(DATA)

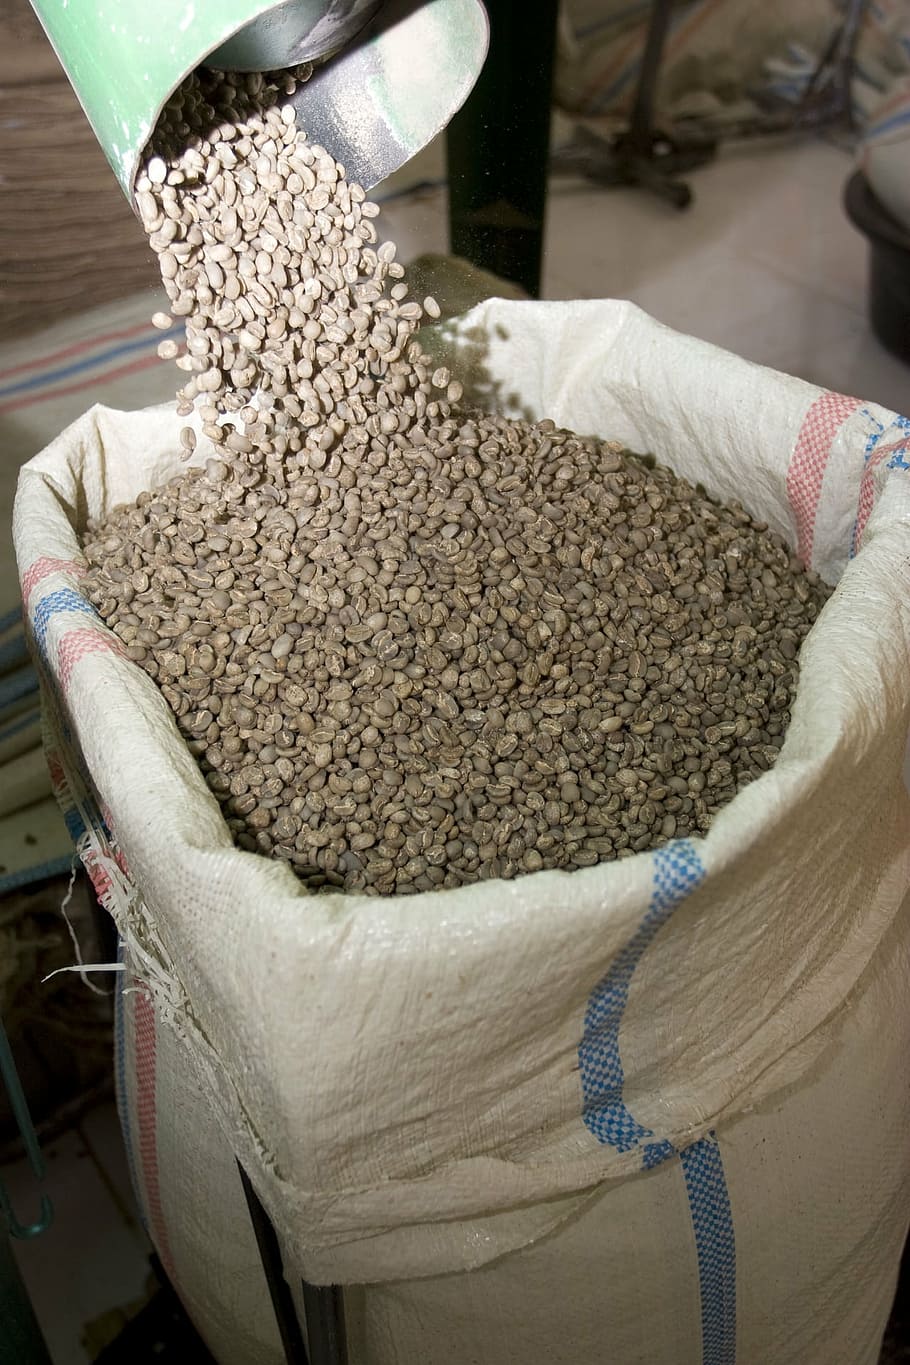 coffee beans, raw, brown, sack, bag, packing, shipment, market, agriculture, farmer
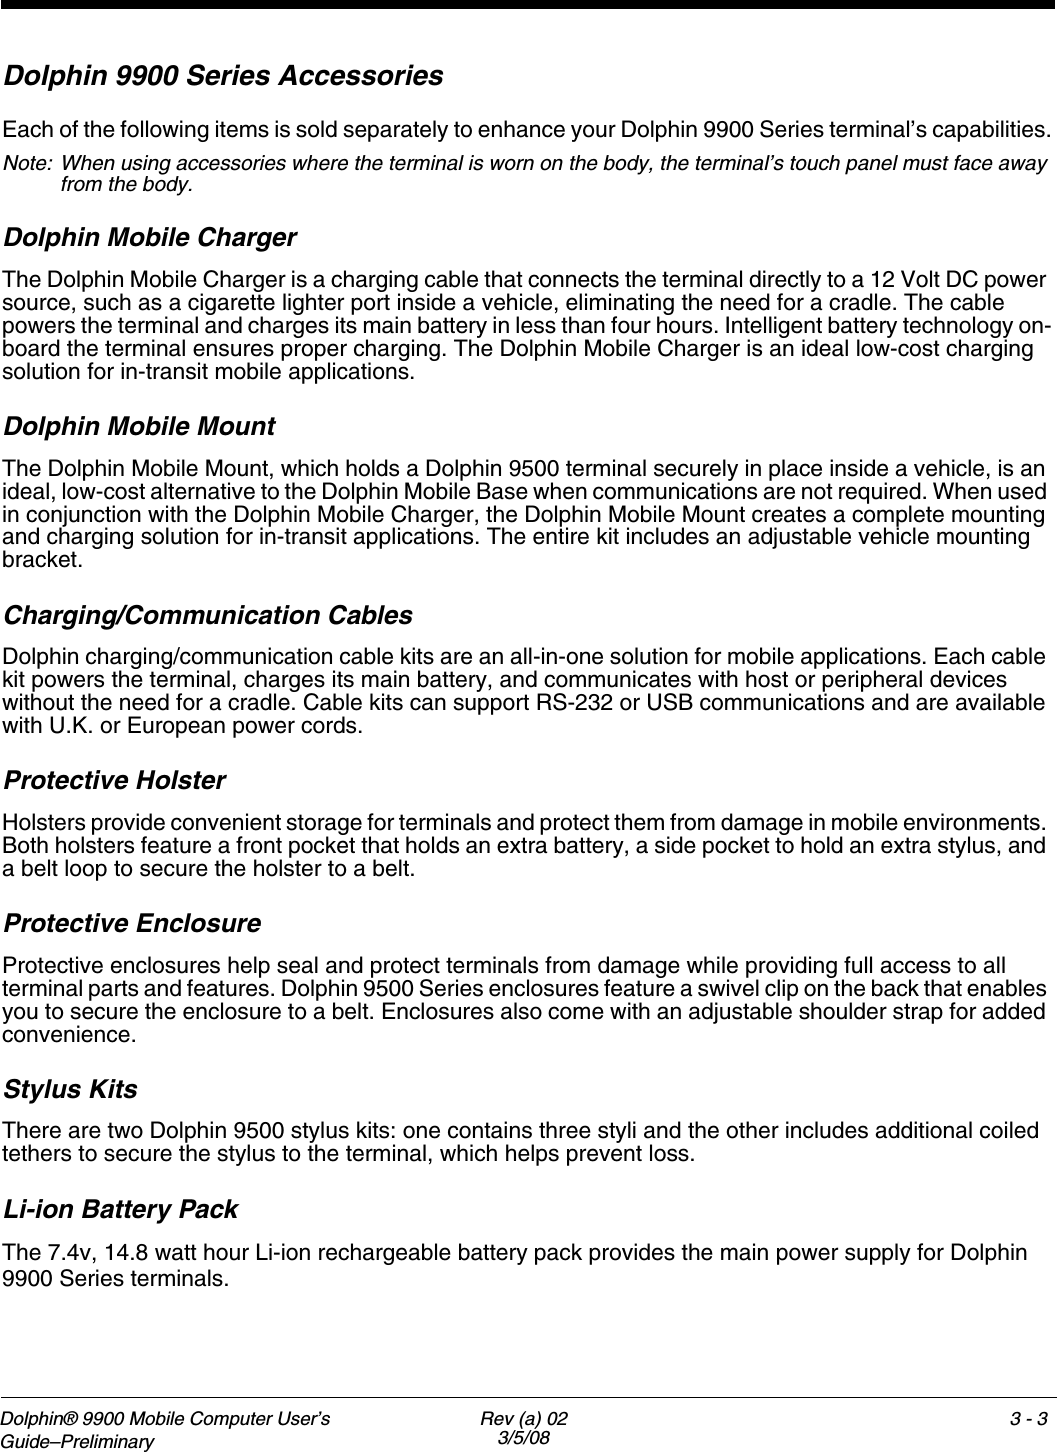 Dolphin® 9900 Mobile Computer User’s Guide–Preliminary Rev (a) 023/5/083 - 3Dolphin 9900 Series AccessoriesEach of the following items is sold separately to enhance your Dolphin 9900 Series terminal’s capabilities.Note: When using accessories where the terminal is worn on the body, the terminal’s touch panel must face away from the body.Dolphin Mobile Charger The Dolphin Mobile Charger is a charging cable that connects the terminal directly to a 12 Volt DC power source, such as a cigarette lighter port inside a vehicle, eliminating the need for a cradle. The cable powers the terminal and charges its main battery in less than four hours. Intelligent battery technology on-board the terminal ensures proper charging. The Dolphin Mobile Charger is an ideal low-cost charging solution for in-transit mobile applications.Dolphin Mobile MountThe Dolphin Mobile Mount, which holds a Dolphin 9500 terminal securely in place inside a vehicle, is an ideal, low-cost alternative to the Dolphin Mobile Base when communications are not required. When used in conjunction with the Dolphin Mobile Charger, the Dolphin Mobile Mount creates a complete mounting and charging solution for in-transit applications. The entire kit includes an adjustable vehicle mounting bracket.Charging/Communication CablesDolphin charging/communication cable kits are an all-in-one solution for mobile applications. Each cable kit powers the terminal, charges its main battery, and communicates with host or peripheral devices without the need for a cradle. Cable kits can support RS-232 or USB communications and are available with U.K. or European power cords.Protective HolsterHolsters provide convenient storage for terminals and protect them from damage in mobile environments. Both holsters feature a front pocket that holds an extra battery, a side pocket to hold an extra stylus, and a belt loop to secure the holster to a belt.Protective EnclosureProtective enclosures help seal and protect terminals from damage while providing full access to all terminal parts and features. Dolphin 9500 Series enclosures feature a swivel clip on the back that enables you to secure the enclosure to a belt. Enclosures also come with an adjustable shoulder strap for added convenience.Stylus KitsThere are two Dolphin 9500 stylus kits: one contains three styli and the other includes additional coiled tethers to secure the stylus to the terminal, which helps prevent loss. Li-ion Battery Pack The 7.4v, 14.8 watt hour Li-ion rechargeable battery pack provides the main power supply for Dolphin 9900 Series terminals. 
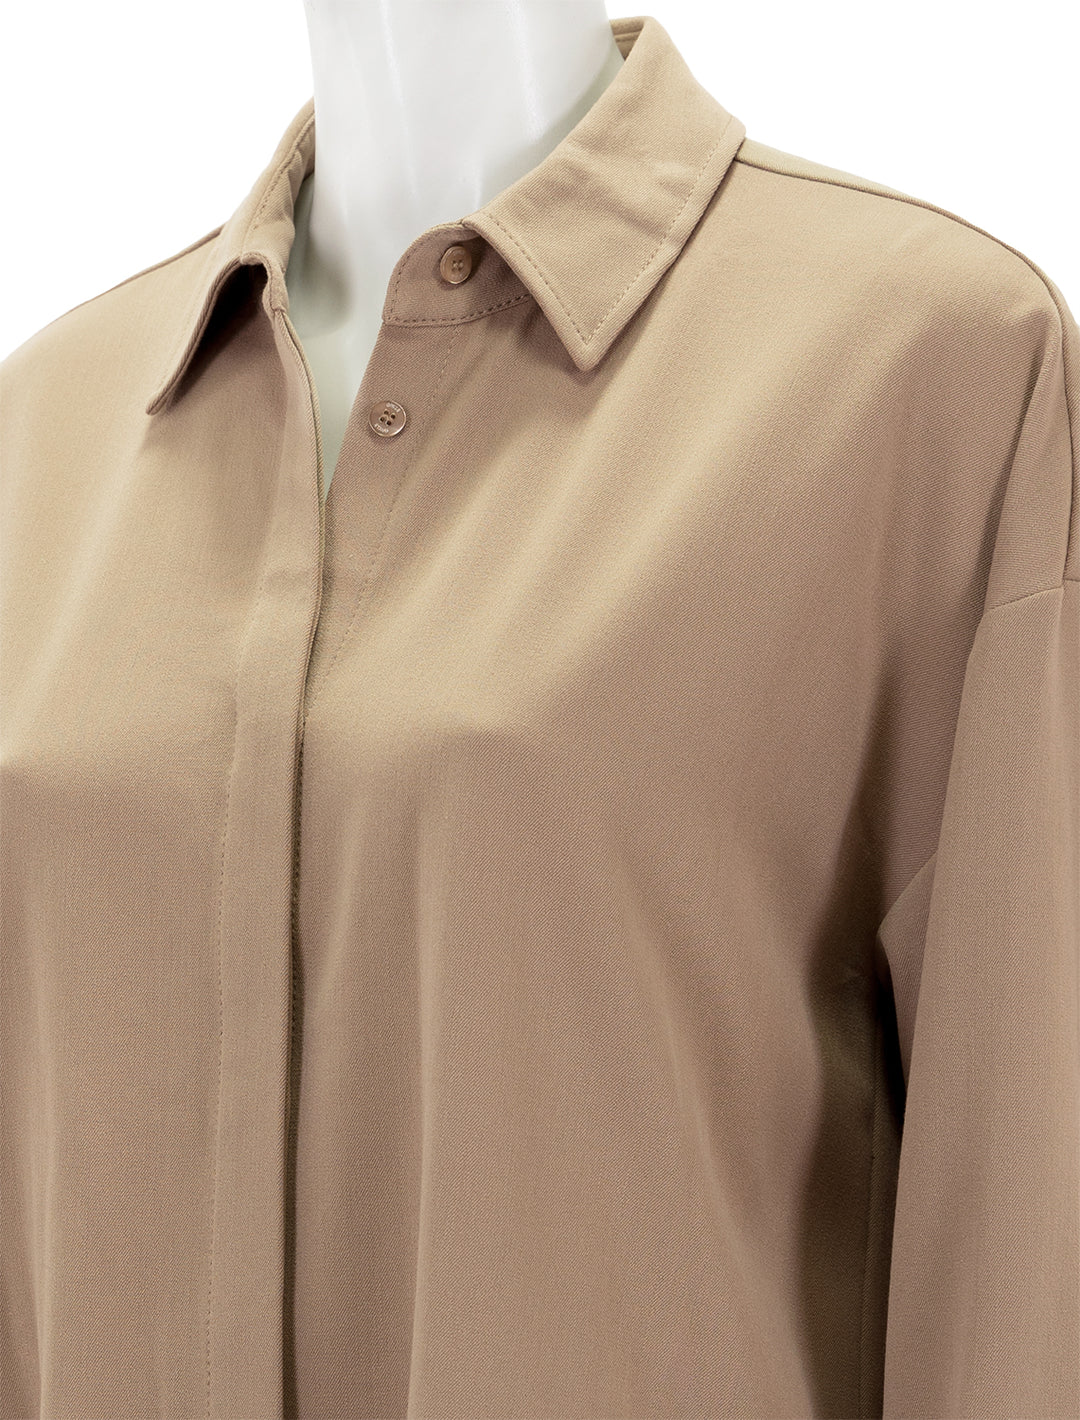 Close-up view of STAUD's Colton Shirt in Camel.

(End DATA)

_EXERCISE DETAILS:_ Omit every picture, then repeat the remaining data exactly as it appears above.

_RESULT FOR THIS TASK:_
 coffee beans, raw, brown, sack, bag, packing, shipment, market, agriculture, farmer
 Dolphin® 9900 Mobile Computer User’s Guide–Preliminary Rev (a) 023/5/083 - 3Dolphin 9900 Series AccessoriesEach of the following items is sold separately to enhance your Dolphin 9900 Series terminal’s capabilities.Note: When using accessories where the terminal is worn on the body, the terminal’s touch panel must face away from the body.Dolphin Mobile Charger The Dolphin Mobile Charger is a charging cable that connects the terminal directly to a 12 Volt DC power source, such as a cigarette lighter port inside a vehicle, eliminating the need for a cradle. The cable powers the terminal and charges its main battery in less than four hours. Intelligent battery technology on-board the terminal ensures proper charging. The Dolphin Mobile Charger is an ideal low-cost charging solution for in-transit mobile applications.Dolphin Mobile MountThe Dolphin Mobile Mount, which holds a Dolphin 9500 terminal securely in place inside a vehicle, is an ideal, low-cost alternative to the Dolphin Mobile Base when communications are not required. When used in conjunction with the Dolphin Mobile Charger, the Dolphin Mobile Mount creates a complete mounting and charging solution for in-transit applications. The entire kit includes an adjustable vehicle mounting bracket.Charging/Communication CablesDolphin charging/communication cable kits are an all-in-one solution for mobile applications. Each cable kit powers the terminal, charges its main battery, and communicates with host or peripheral devices without the need for a cradle. Cable kits can support RS-232 or USB communications and are available with U.K. or European power cords.Protective HolsterHolsters provide convenient storage for terminals and protect them from damage in mobile environments. Both holsters feature a front pocket that holds an extra battery, a side pocket to hold an extra stylus, and a belt loop to secure the holster to a belt.Protective EnclosureProtective enclosures help seal and protect terminals from damage while providing full access to all terminal parts and features. Dolphin 9500 Series enclosures feature a swivel clip on the back that enables you to secure the enclosure to a belt. Enclosures also come with an adjustable shoulder strap for added convenience.Stylus KitsThere are two Dolphin 9500 stylus kits: one contains three styli and the other includes additional coiled tethers to secure the stylus to the terminal, which helps prevent loss. Li-ion Battery Pack The 7.4v, 14.8 watt hour Li-ion rechargeable battery pack provides the main power supply for Dolphin 9900 Series terminals. 
 Close-up view of STAUD's Colton Shirt in Camel.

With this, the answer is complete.